Financial markets also still rely on the EM-DM dichotomy or other regional groupings. But investors will want exposure to countries likely to benefit from new trends, including the scramble for critical minerals and “China plus one” supply chain strategies. Indeed, disaggregating EM bonds, equities and alternative assets, such as infrastructure projects, on a country or thematic basis could help investors to unlock higher returns and enable developing countries to obtain more capital. For that, access to reliable country-level data will be important.

There have been numerous attempts to popularise other groupings. The Brics nations — Brazil, Russia, India, China and South Africa — are perhaps the most famous. Then there are “emerging and growth leading economies”, or Eagles. Few have proved useful, given large economic differences in terms of trade, growth and financial openness. Definitions also vary.

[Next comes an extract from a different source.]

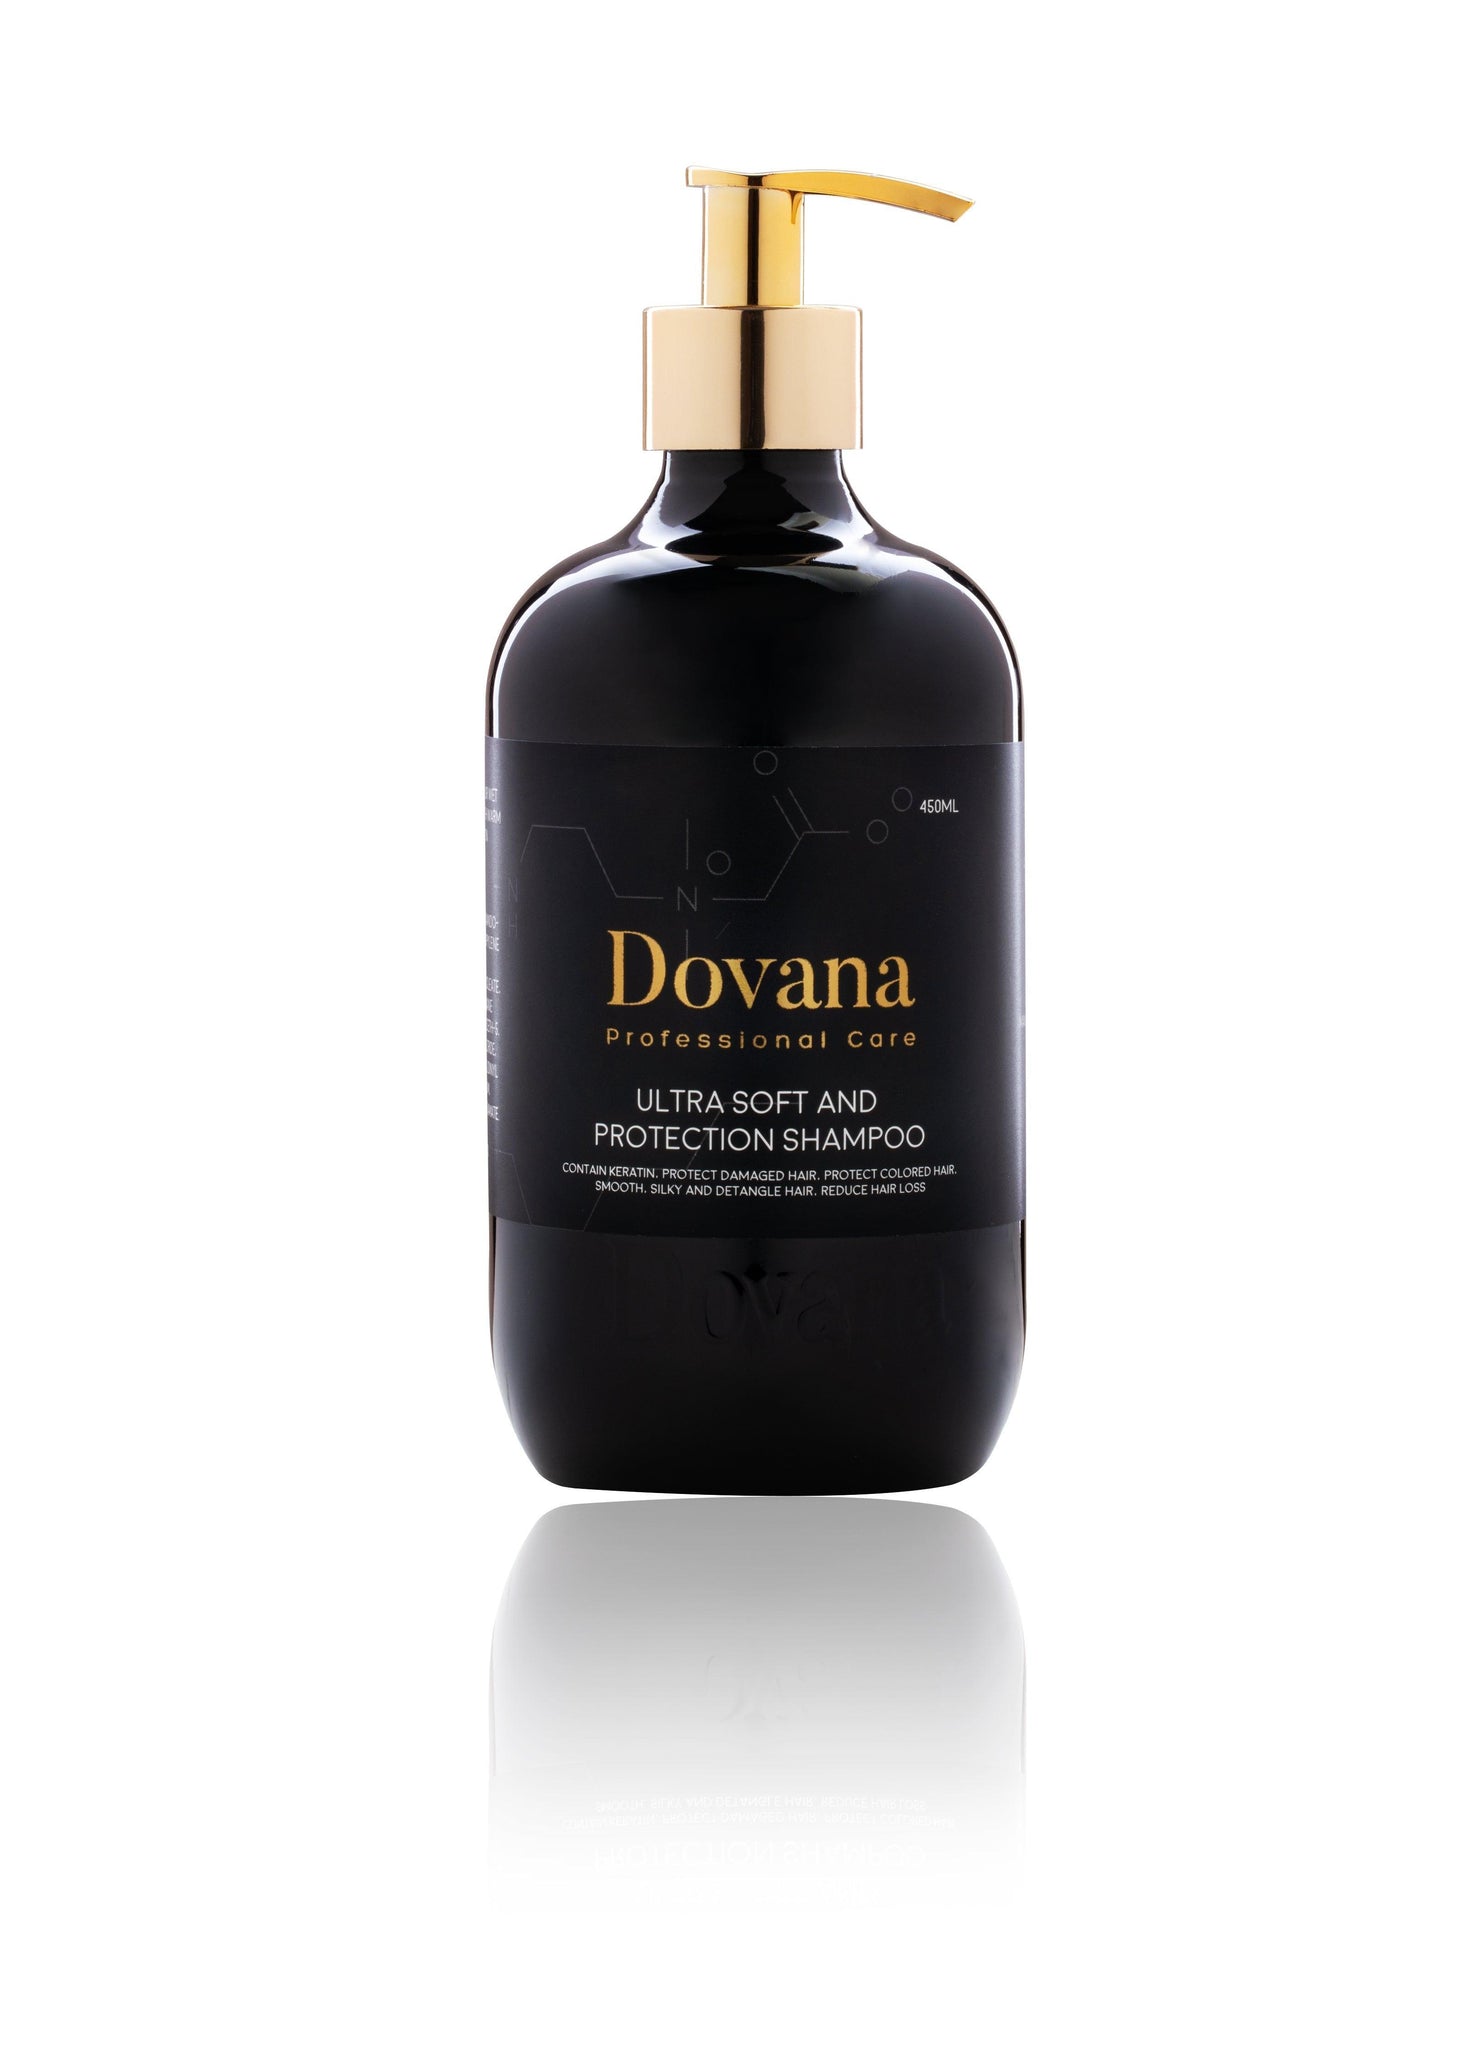 Dovana’s Ultra Soft and Protection Shampoo 450 ml - Mrayti Store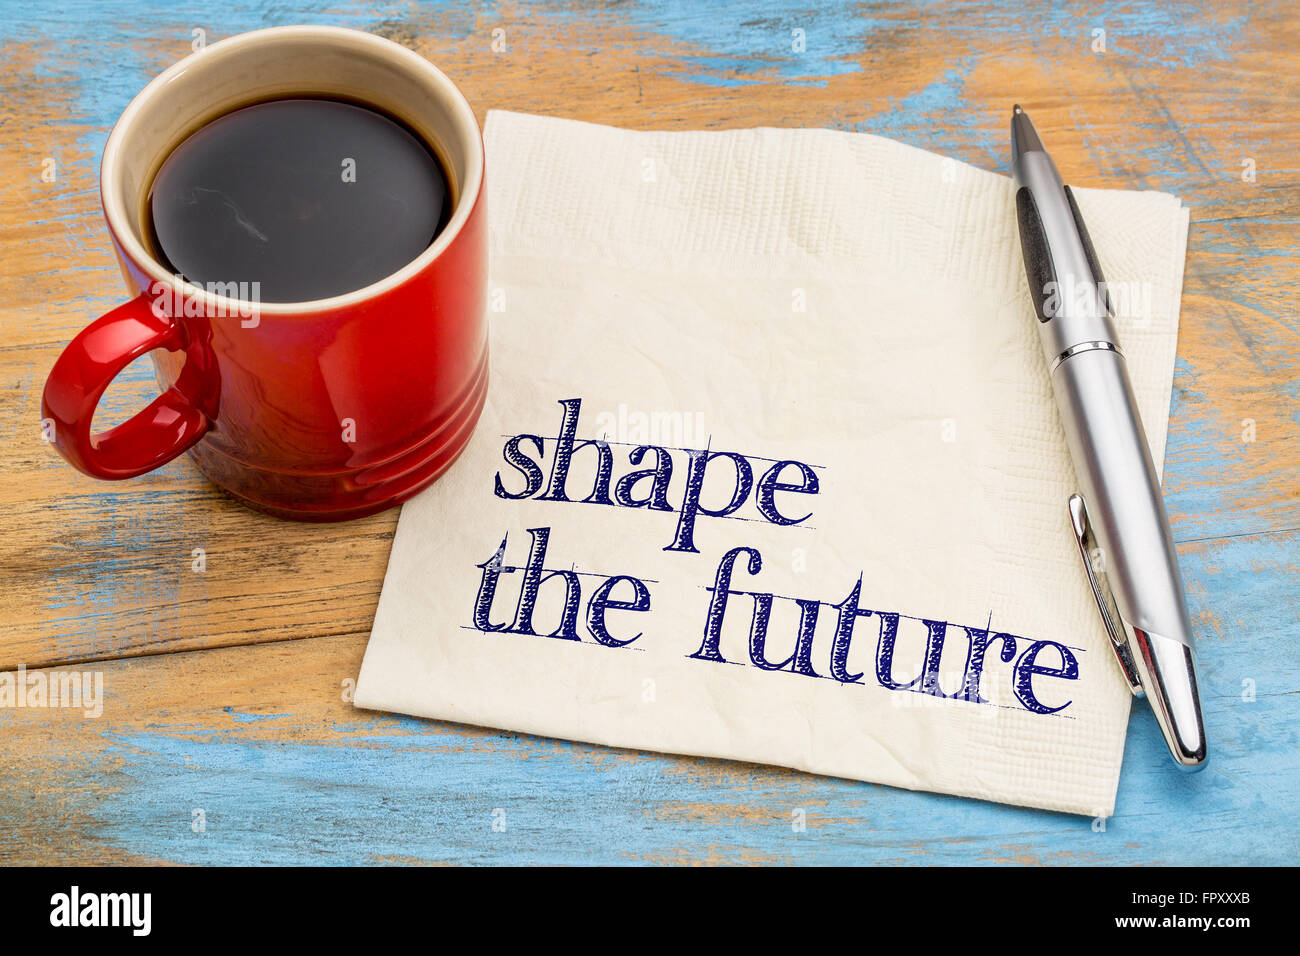 Façonner l'avenir - expression de motivation sur une serviette avec une tasse de café Banque D'Images

Investment indices focus on market access metrics, while economic bodies prefer macroeconomic thresholds. That is partly why South Korea, for example, is considered an advanced economy by the IMF yet falls under the MSCI index’s emerging markets group.

The developing world does not fall neatly into a single category. And, in a global economy hit by multiple crises and geopolitical upheaval, there are even greater upsides for economists and investors that can differentiate between them. Perhaps it is time to retire the EM label altogether.

6. Finally, an animated chart which looks at the share of G7 economies vs BRICS economies in the total world economy over the last 30 years, using GDP adjusted for Purchasing Power Parity (PPP) using international dollars.

Whereas in 1992, the BRICS share was only 16.45% and G7 was 45.80% in 2022, the BRICS share had risen to 31.67% vs 30.31% for G7. A major factor for the rise of BRICS share is the growth of China and India.